Мы подошли к «Жигулям».
– Все, Юрик. Благодарю за компанию.
Я открыл дверь машины. Страшный грохот потряс пустынную улицу. Осколки последних стекол красного дома веером брызнули из оконных проемов. Фейерверк огненных брызг взметнулся в вечернее небо и мгновенно растаял, уступив место столбу черного дыма.
– Мама миа, что это? – спросил, высунувшись из машины, Женька.
– Наверное, утечка газа в домике, – как можно спокойнее ответил я.
Юрик, вытаращив глаза, застыл в какой-то монументальной позе.
– А-у-о-ы… – только и смог выдавить он из себя.
Я подтолкнул его к машине:
– Садись, большой человек, опоздаешь на вечернюю сказку.
Женька вывел «жигуль» из-за угла забора, где улица сворачивала.
– Как сказал бы Юрий Никулин: «На их месте должны были быть мы». Слышь, Юрик? Ты, между прочим, тоже.
– Ты что? Ты что, мудак, их взорвал?
– Опять оскорбления. Вот и помогай людям после этого. У меня, радость моя, никаких бабок не хватит на израильскую пластиковую мину с дистанционным управлением. Очень компактная штучка, помещается в картонной коробочке из-под сока. А то ты не знаешь? А то у тебя определителя номера нет?
– Какого определителя? – как в бреду спросил Юрик.
– Телефонного, старина. И вчера ты очень быстренько донес Шамилю, что я звоню из дома, что у меня есть «Жигули» с определенным номером и что на этих «Жигулях» я собираюсь к тебе на встречу. Или не было этого? Или он сам спросил? Хо-хо, Юрик. Да не дрейфь ты! Праздник давленых клопов, кажется, закончился.
– А дальше что?
– Да ничего особенного. Утром я позвонил одному моему знакомому по прозвищу Просперо, он приехал, осмотрел машинку и нашел прикрепленную к днищу коробочку из-под сока. Очень, надо сказать, умело прикрепленную.
– И что?
– И все. Пойми, Юрик, ты сунулся не в свое дело. Это тебе не колпачки крутить на площади и не валюту ломать. Здесь, если не кинешь ты, кинут тебя. Запомни на будущее. Евгений, останови.
Женька притормозил.
– Все, Юрик. У нас не такси. Выгружайся. Будешь в банке, скажи, что я уволился по собственному желанию.

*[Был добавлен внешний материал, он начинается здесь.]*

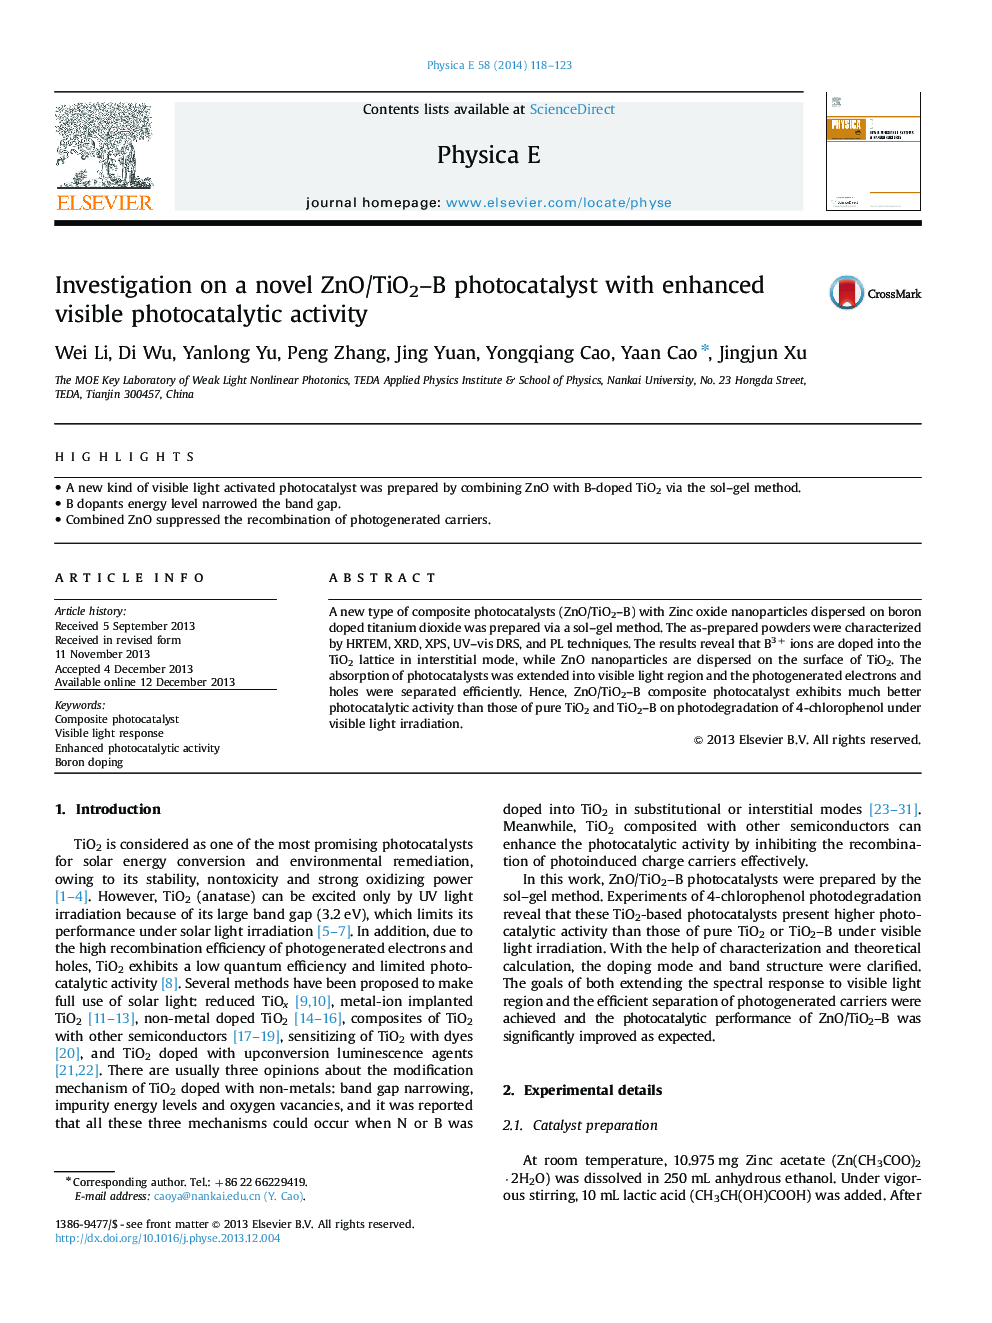 Investigation on a novel ZnO/TiO2–B photocatalyst with enhanced visible photocatalytic activity

Мы оставили бедолагу Юру на обочине и двинулись дальше.
– Ну мне-то ты объяснишь, в чем дело? – хмуро буркнул Женька.
– Так ты ж все слышал. Ба-бах! Ладно, уточню некоторые детали. Ты утром на работу отвалил, а Просперо игрушку нашел в твоей машине. Вот черт, книжку в Шамилевой машине оставил. «Русский транзит» в трех частях. Это самая толстая книга, что была в моей библиотеке. Кстати, новую купить надо, я дочитать ее не успел. А ты вообще на коленях должен передо мной ползать – я и машину твою спас, и тебя заодно.
– Они что, сами себя взорвали?
– Наверно. Я на кнопку не нажимал.
– Н-да… А Юрик?
– Ну я надеюсь, он все-таки поймет и правильно оценит ситуацию. Одно мне не ясно в этой истории. Почему Яхонтов, человек осторожный до неприличия, доверился Юрику, попросив помочь с переправкой денег. Только потому, что по первому делу они вместе проходили? Не знаю. Хотя, впрочем, доверился и доверился. Значит, были основания. А Юрик, хороший мальчик, тоже доверился. Шамилю. Потому что самому кинуть Яхонтова у него кишка тонка. Вот и кидали друг друга до сегодняшнего дня. Точно, сплошной «Оманид»! С замесом на крови.
– А десять миллиардов?
– Миллиарды в Германии. И, к сожалению, там и останутся. Можно, конечно, налоговой полиции информацию слить, но вряд ли они денежки вытащат. Законодательная база у нас слабовата. Пошлют немцы нашу налоговую полицию куда подальше. А если и не пошлют, то денежки до облапошенных граждан вряд ли дойдут. Затеряются где-нибудь в коридорах судебной и государственной власти. Так что толку создавать новый «Оманид»? Хватит существующих. Кроме того, дурачков учить нужно.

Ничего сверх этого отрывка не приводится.